Peristiwa ini terjadi hari Senin (26/10) lalu. Saat itu MA bertengkar dengan rekannya berinisial UL. Awalnya UL menyobek buku milik MA, kemudian MA menjerit dan meminta tanggungjawab. UL ternyata tidak terima dan memukul tengkuk korban.
Sesampainya di rumah korban menceritakan hal itu, namun orang tua tidak curiga dengan dampak serius pemukulan karena tidak terlihat adanya luka. Esoknya, Selasa (27/10), MA mendadak demam dan tidak sadarkan diri.
SCROLL TO CONTINUE WITH CONTENT
Hari Rabu (28/10) malam ketika MA sadar ia mengaku pusing. NS segera melarikan putri bungsunya itu ke RSUD dr Soewondo. Tapi betapa kagetnya dia karena ternyata kondisi MA sudah sangat parah akibat ada syaraf yang rusak dan tulang leher yang bergeser.
"Kata dokter kondisinya sudah kritis. Pagi tadi meninggal dunia," kata NS.

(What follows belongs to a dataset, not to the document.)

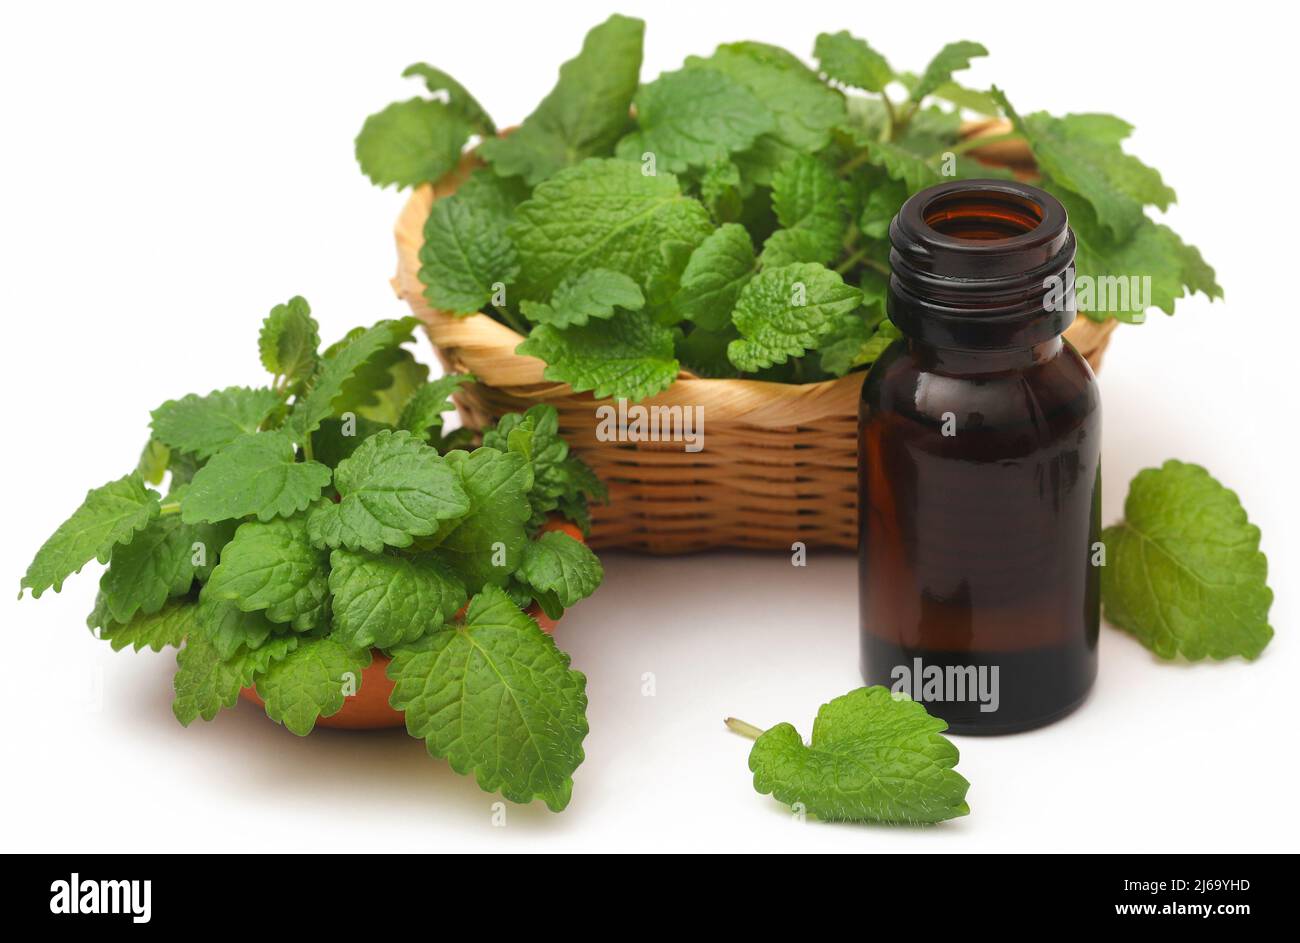 Lemon balm leaves with extracted essential oil in bottle over white background Stock Photo
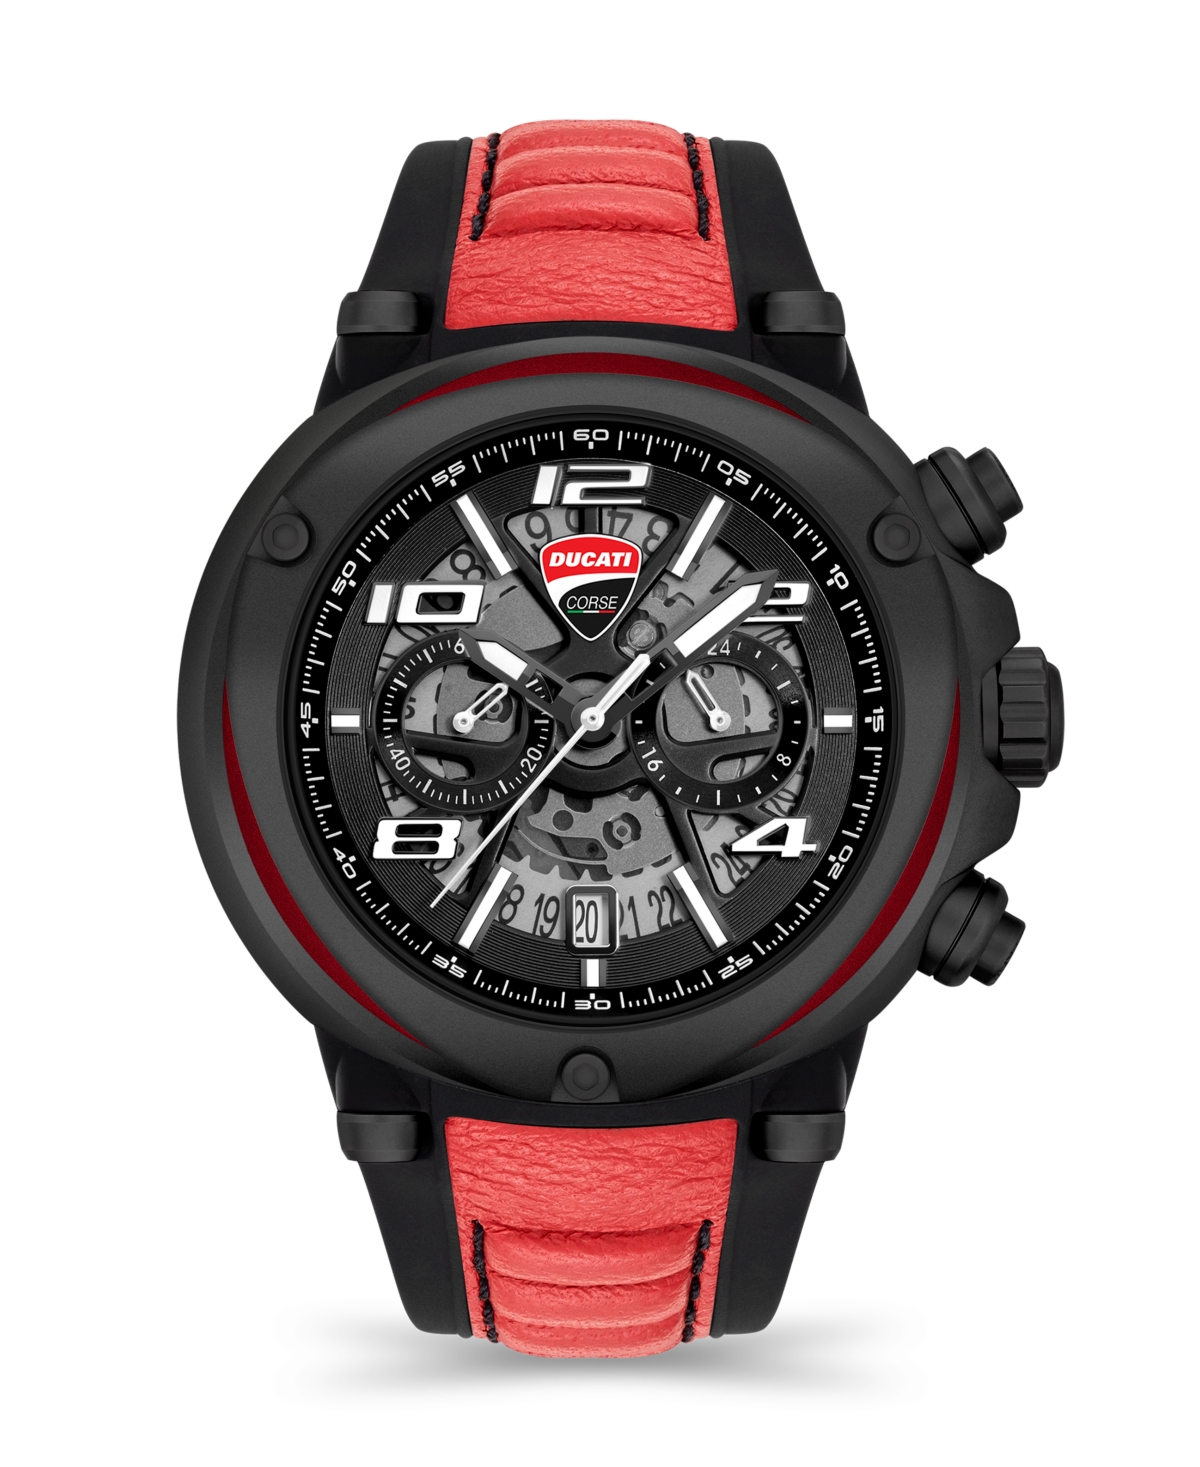 Men's Partenza Collection Chronograph Timepiece Black Silicon with Red Leather Strap Watch, 49mm - Black

Pihak keluarga merasa kehilangan dengan kepergian korban. Meski demikian peristiwa tersebut tidak dilaporkan ke kepolisian dan diselesaikan dengan kekeluargaan.
"Saya sudah ikhlas, jadi tidak lapor ke polisi," tandasnya.
Sementara itu Kapolsek Kaliwungu, AKP Setya Adi Nugraha membenarkan ada peristiwa tersebut. Identifikasi juga sudah dilakukan, namun tidak ada tuntutan dari keluarga korban sehingga proses hukum tidak dilakukan.
"Polisi sudah melakukan identifikasi. Tidak ada laporan ke polisi dan pihak keluarga juga tidak menuntut secara hukum, maka polisi tidak melakukan pemeriksaan," kata Setya saat dikonfirmasi. (alg/bag)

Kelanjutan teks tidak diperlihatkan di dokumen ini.